### Work to complete
Give the listing again exactly, skipping any pictures it holds.

### Exercise data
* * * * * * * * *
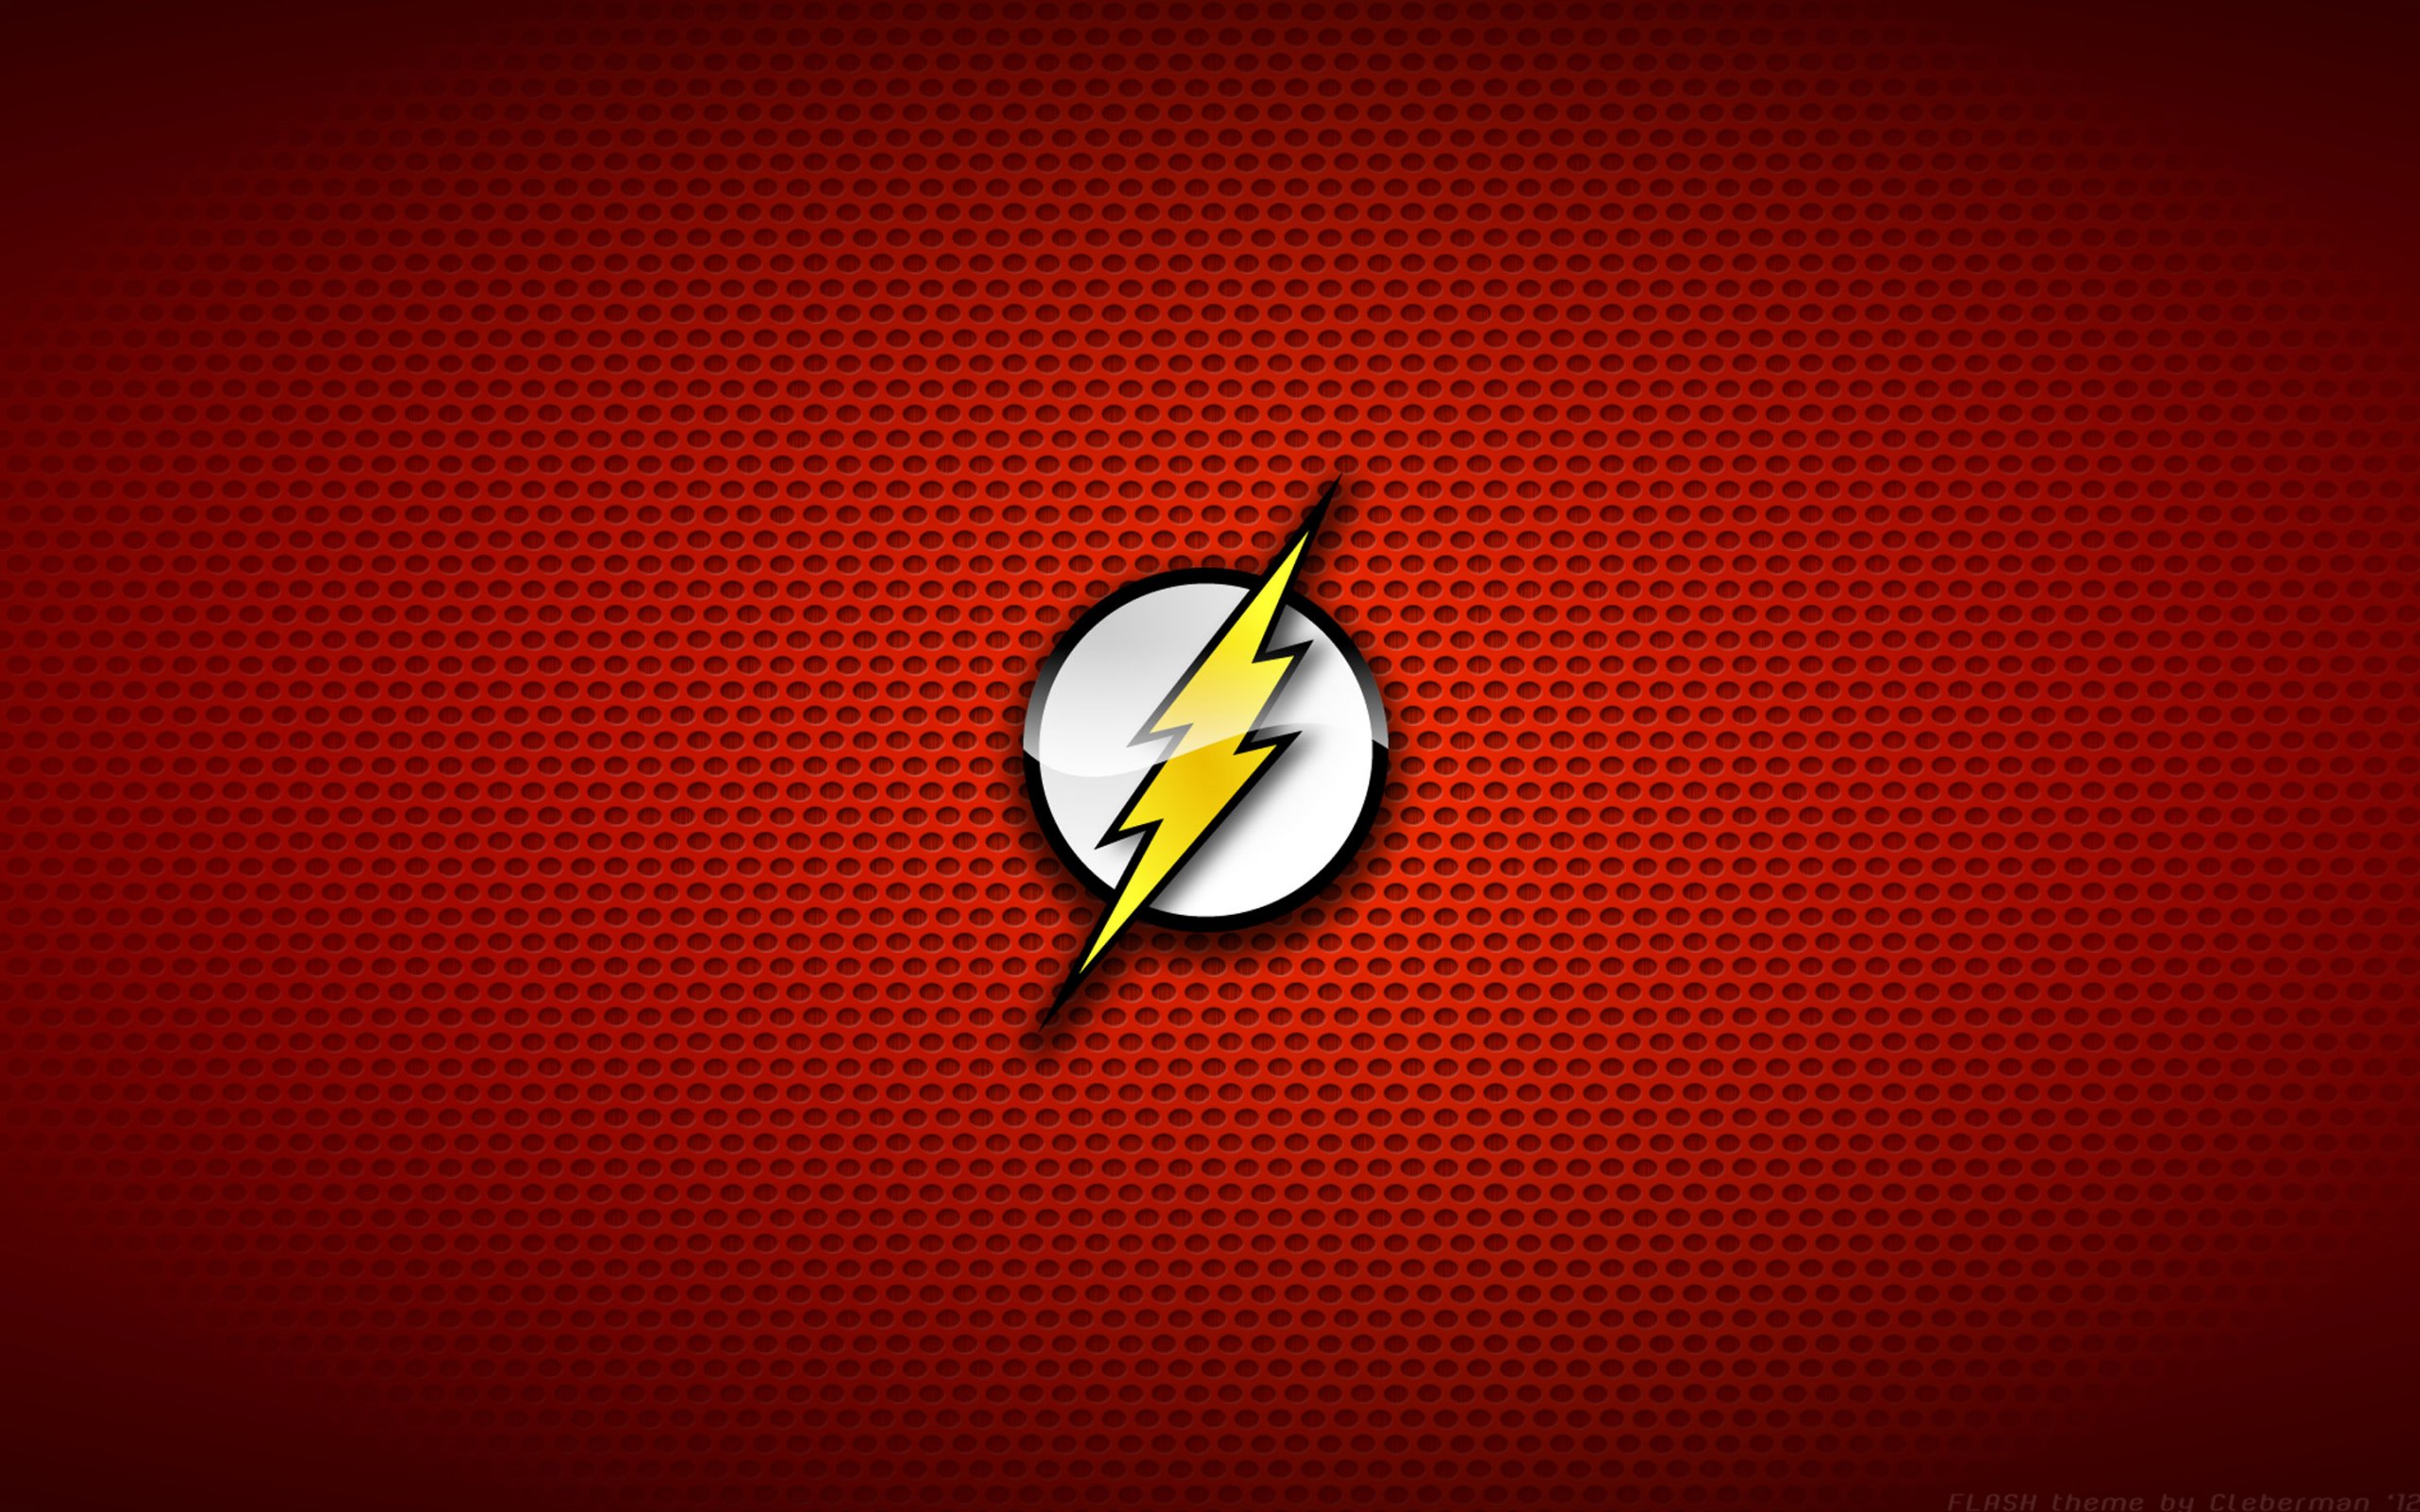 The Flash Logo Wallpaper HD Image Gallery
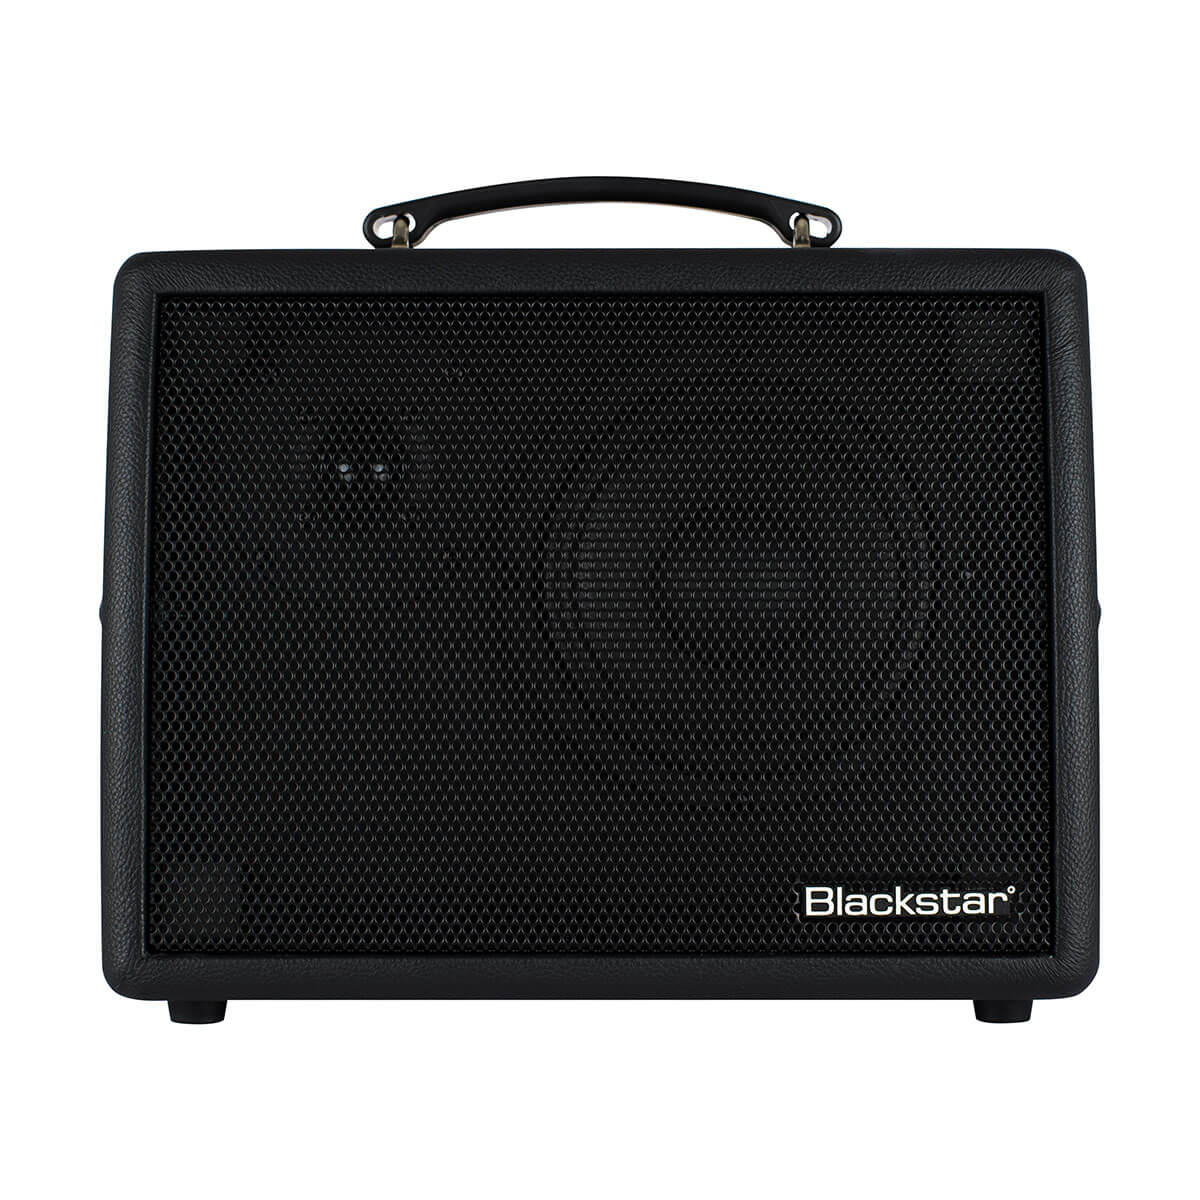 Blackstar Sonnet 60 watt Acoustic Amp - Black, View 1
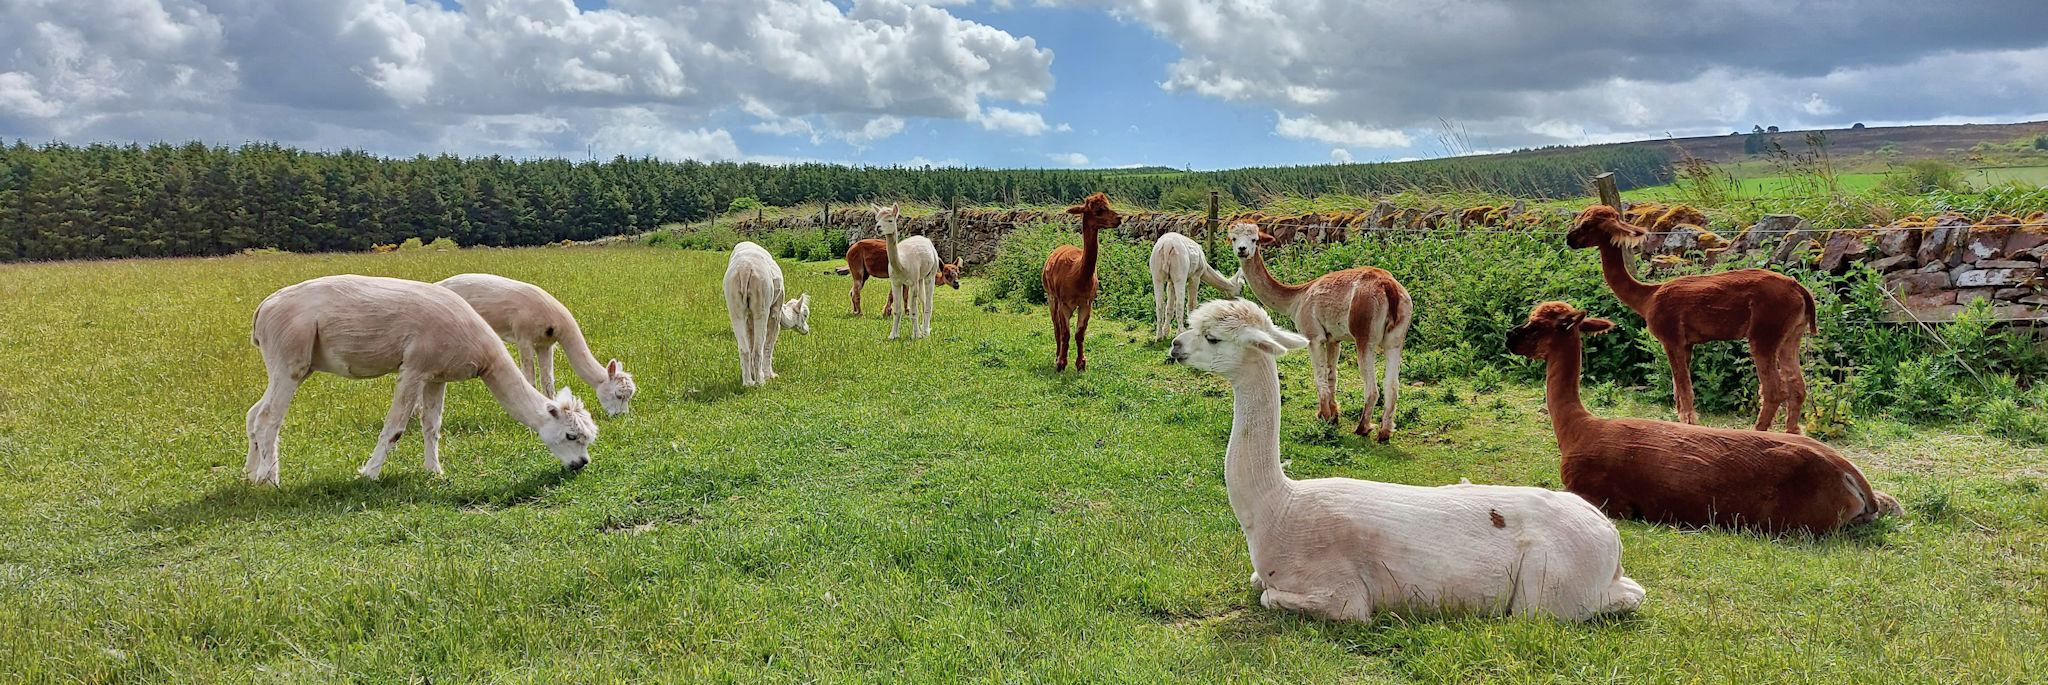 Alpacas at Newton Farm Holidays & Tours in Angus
* * * * * * * * *
### Output
 The Flash Logo Wallpaper HD Image Gallery
 Blackstar Sonnet 60 watt Acoustic Amp - Black, View 1
 Alpacas at Newton Farm Holidays & Tours in Angus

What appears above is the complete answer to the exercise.